Firstly, we have already known the one of $q$-analogues of Vandermonde's formula, which is $${}_2\phi_1(q^{-n},b;c;q,cq^n/b)=\frac{(c/b;q)_n}{(c;q)_n}.$$ And there is a hint, when we change the order of summation it deduces that $${}_2\phi_1(q^{-n},b;c;q,q)=\frac{(c/b;q)_n}{(c;q)_n}b^n.$$ What confused me is that the some detail steps were omitted.

Answer 1

It not so hard if you know what to do. However, it involves some calculations. (which is almost always the case with $q$-analogues special functions) Unfortunately I'm missing a $q$-power somewhere, so you have some homework finding the mistake. Still I'm sure this is the way that they want you to solve it.

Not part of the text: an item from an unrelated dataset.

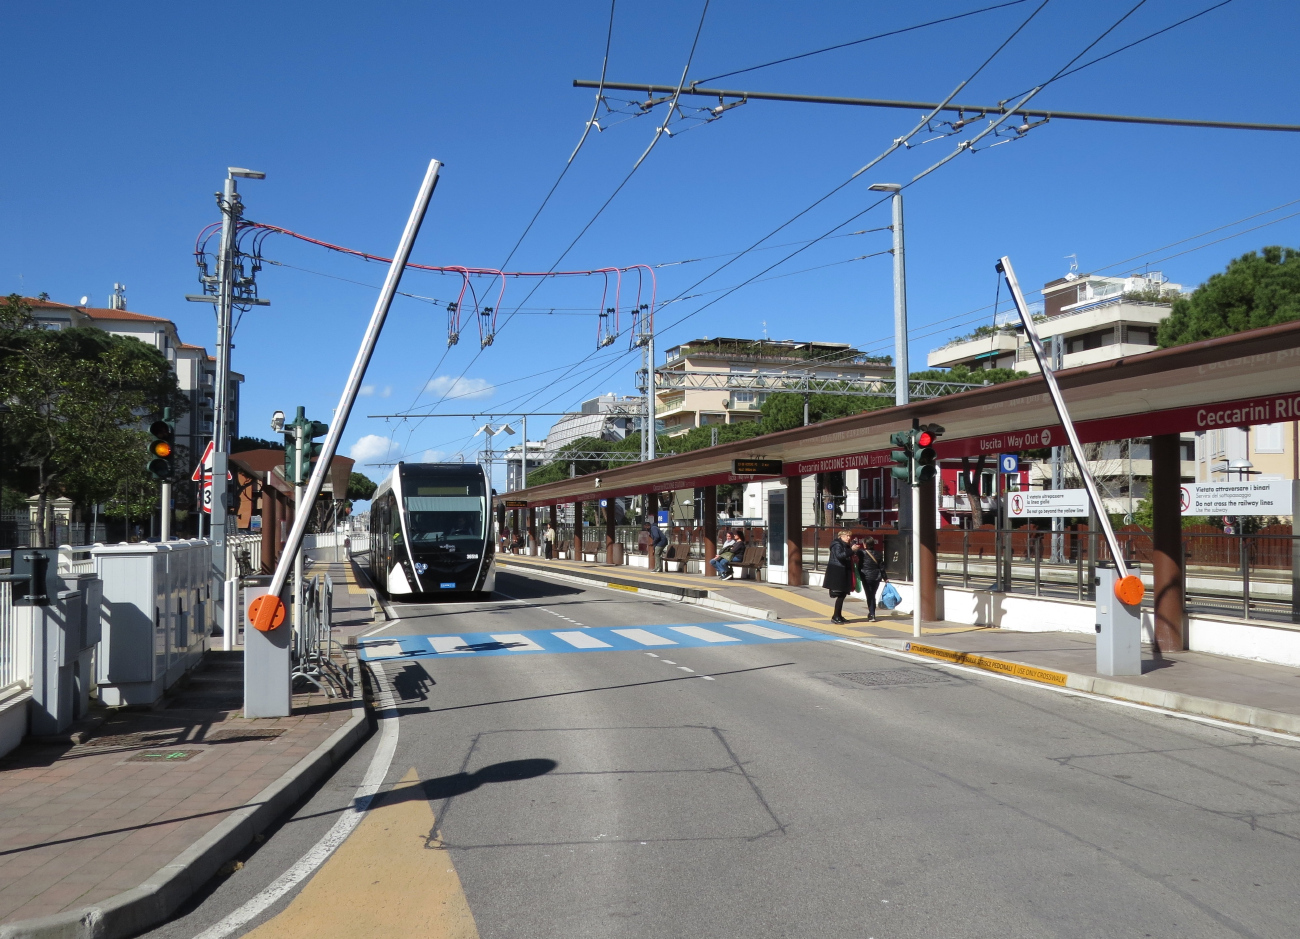 Римини — Инфраструктура линии скоростного троллейбуса Metromare
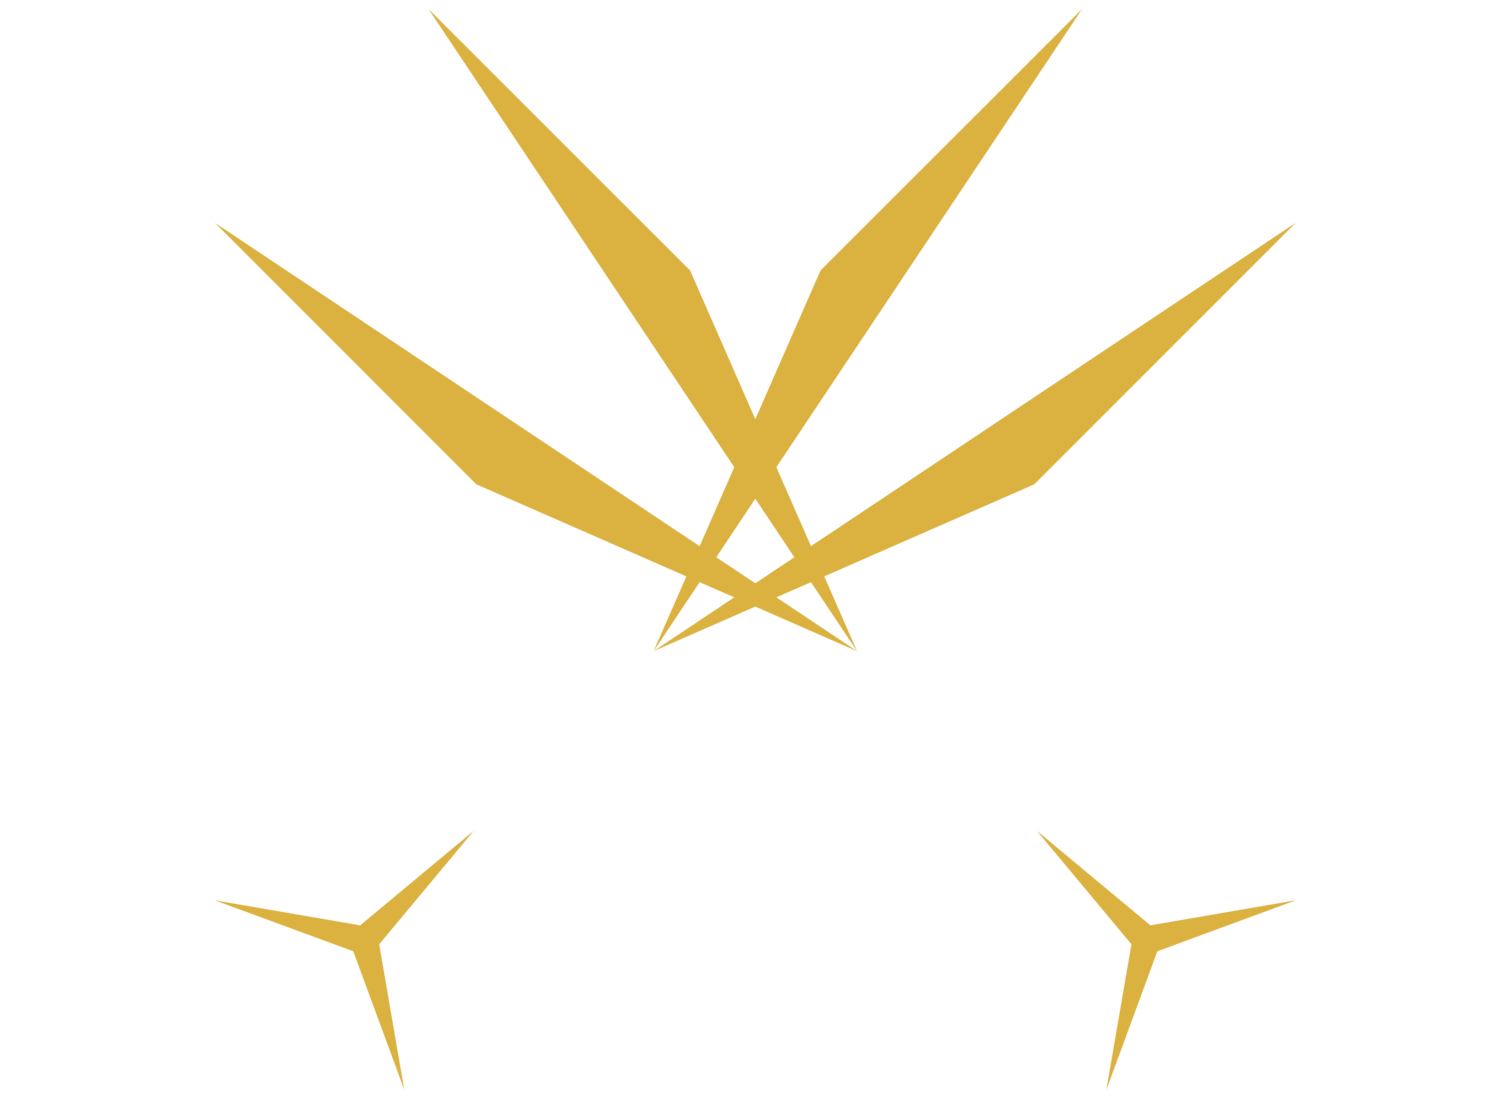 Champagne Dreads - Innovative reggae hybrid on another level

By the $q$-Chu-Vandermonde formula we have $$ {}_2 \phi_1(q^{-n}, b; c; q, cq^n/b) = \frac{(c/b;q)_n}{(c;q)_n}. $$ Reversing the order of summation of the left hand side of the $q$-Chu-Vandermonde formula we obtain $$ \sum_{k=0}^{n} \frac{(q^{-n}, b; q)_{n-k}}{(q,c;q)_{n-k}} (cq^n/b)^{n-k} = \frac{(c/b;q)_n}{(c;q)_n}. $$ Note that we have $$ \frac{(a;q)_{n-k}}{(b;q)_{n-k}} = \frac{(a;q)_{n}}{(b;q)_{n}} \frac{(q^{1-n}/b;q)_k}{(q^{1-n}/a;q)_k} (b/a)^k. $$ If we apply this equality twice on the reversed summation of the $q$-Chu-Vandermonde formula the left hand side is equal to $$ \sum_{k=0}^{n} \frac{(q^{-n};q)_n}{(q;q)_n} \frac{(q^{-n};q)_{k}}{(q;q)_k} \frac{(b;q)_n}{(c;q)_n} \frac{(q^{1-n}/c;q)_k}{(q^{1-n}/b;q)_k} q^{k(n+1)} (c/b)^k (c/b)^{n-k} q^{n^2 - kn}. $$ Simplifying the left hand side using $(q^{-n};q)_n = (-1)^n q^{\binom{n}{2} - n^2} (q;q)_n$ and putting everything independent of $k$ to the right hand side yields $$ \sum_{k=0}^n \frac{(q^{-n}, q^{1-n}/c; q)_k}{(q, q^{1-n}/b; q)_k} q^k = (-1)^n \frac{(c/b;q)_n}{(b;q)_n} q^{-\binom{n}{2}} (c/b)^n q^{-n^2}. $$ Substitute $b, c \mapsto q^{1-n}/b, q^{1-n}/c$ and use $(q^{1-n}/c;q)_n = (c;q)_n (-q^{1-n}/c)^n q^{\binom{n}{2}}$ so that $$ {}_2 \phi_1(q^{-n}, b; c; q, q) = \frac{(c/b;q)_n}{(c;q)_n} b^n q^{-n}. $$ This last $q^n$ power should cancel with something. I'm sure I made some calculation mistake somewhere. But basically this is the idea. Notice that the book of Gasper and Rahman, named Basic Hypergeometric Series, contains an appendix with a list of useful identities and manipulations for $q$-Pochhammer symbols.